Эмме Рэй казалось, что семья ничего не сможет сделать, а Грейс будет чувствовать себя еще хуже, чем сейчас. Ее сестра была не первой женщиной на свете, выставившей себя на посмешище на публике, и уж конечно, не последней. О ней поговорят неделю или две, пока кто-нибудь еще не совершит что-нибудь более сногсшибательное, безумное или недозволенное, и тогда все забудут о Грейс Бичон.

Но Джорджии этого не понять.

— Как бы там ни было, я уверена, что все бесполезно, — заявила Эмма Рэй.

Ула помахала ложкой в ее сторону.

— Мисс Остроумие.

— Ну, я возвращаюсь туда. С нее, пожалуй, достаточно. — Эмма схватила кусок кофейного кекса, испеченного Улой, и ушла.

Джорджия снова подошла к окну и увидела, как Вилли вышел из вагончика. Он и Эмма Рэй пересекали двор навстречу друг другу, как пара гангстеров с Дикого Запада в полнолуние — две родственные души, слишком похожие друг на друга, что было к лучшему, как иногда казалось Джорджии. Они чуть не прошли мимо друг друга, не сказав ни слова, встретившись на полпути между домами, но затем все же остановились.

Джорджия уставилась на Улу:

— О Господи. Что-то сейчас будет.

Эмма Рэй устремила взор на точку на горизонте справа от лица отца:

— Ты вправил ей мозги? — спросила она.

— С ней все будет в порядке, — произнес Вилли, глядя под ноги и вырывая ботинком ямку в земле.

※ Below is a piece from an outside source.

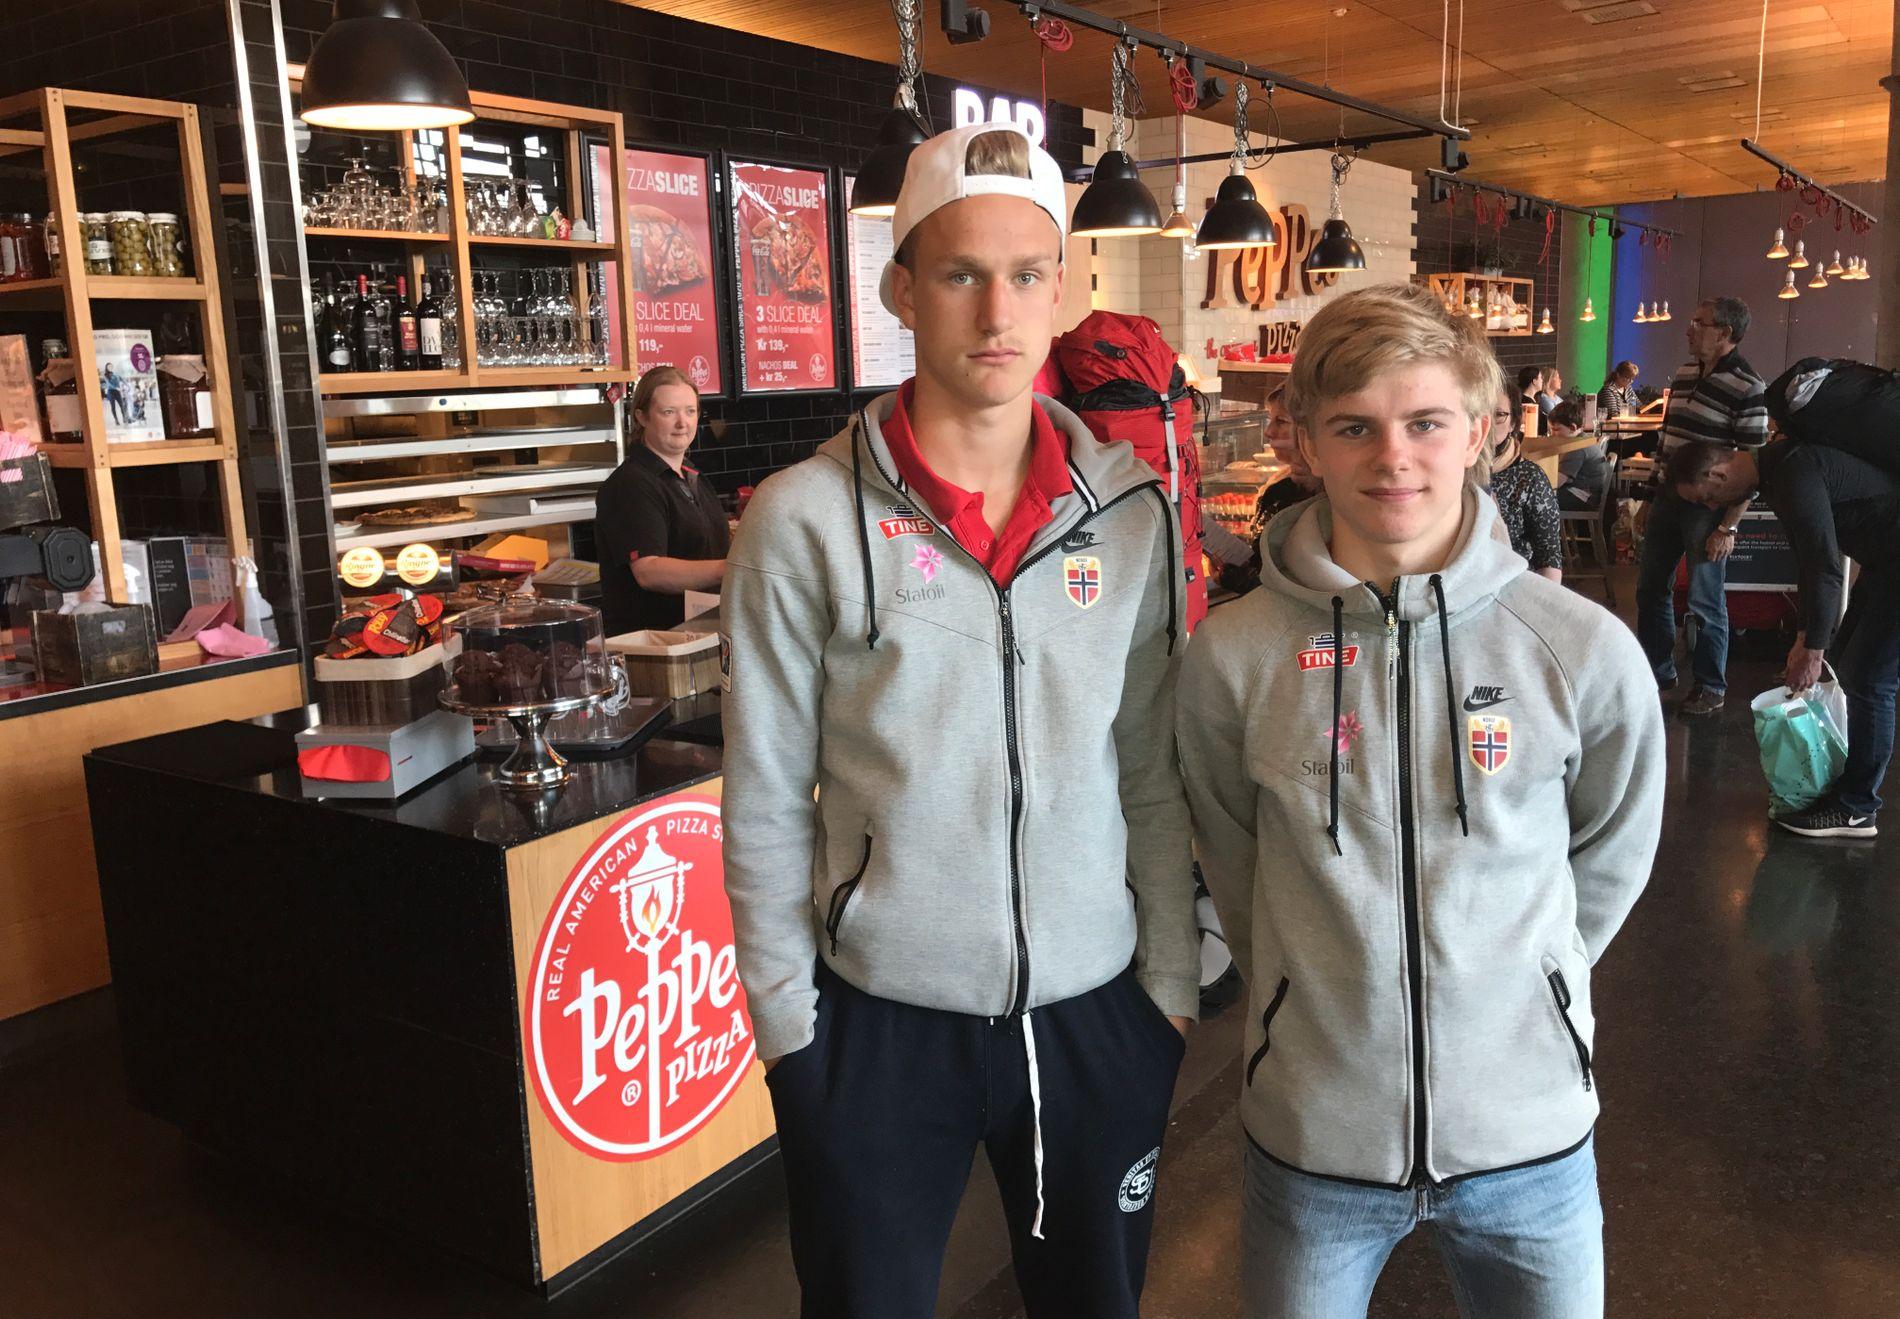 EM-KLARE: Erik Botheim (17) og Edvard Sandvik Tagseth (16) er blant profilene som skal lede Norge i U17-EM i Kroatia.

— Она объяснила, что произошло?

Вилли пожал плечами:

— Просто поссорились.

Эмма фыркнула. Как всегда, ей предоставлялось уточнить, что случилось:

— Эдди ухлестывает за какой-то бабенкой, объяснила она на наиболее понятном отцу языке.

Она внимательно наблюдала за выражением его лица, но он даже не моргнул глазом.

— Это точно? — поинтересовался он, продолжая изучать землю под ногами.

— Угу, — ответила она.

— Ладно. Увидимся в полдень, — сказал он.

Эмма Рэй обернулась и проследила, как он возвращается в свой дом. Она знала, что судьба дочерей его волнует. Она уже давно поняла это. Вопрос заключался только в том, когда он сам признается в этом?

— Мне казалось, мы решили, что сначала я поговорю с ней, — проворчала Джорджия.

Вилли, тяжело ступая, вошел на кухню.

Он ухмыльнулся и чмокнул ее в щеку:

— Ну, значит, я тебя обманул, — сказал он, направляясь в столовую завтракать; ему казалось, будто он проделал дневную работу.

— Я серьезно, Вилли!

Она шлепнула его по спине, когда он проходил мимо нее. Невозможно было остановить мужа, если уж он что-то задумал. Ее Вилли неисправим. Всегда был. И всегда будет таким. А другим он был бы ей не нужен.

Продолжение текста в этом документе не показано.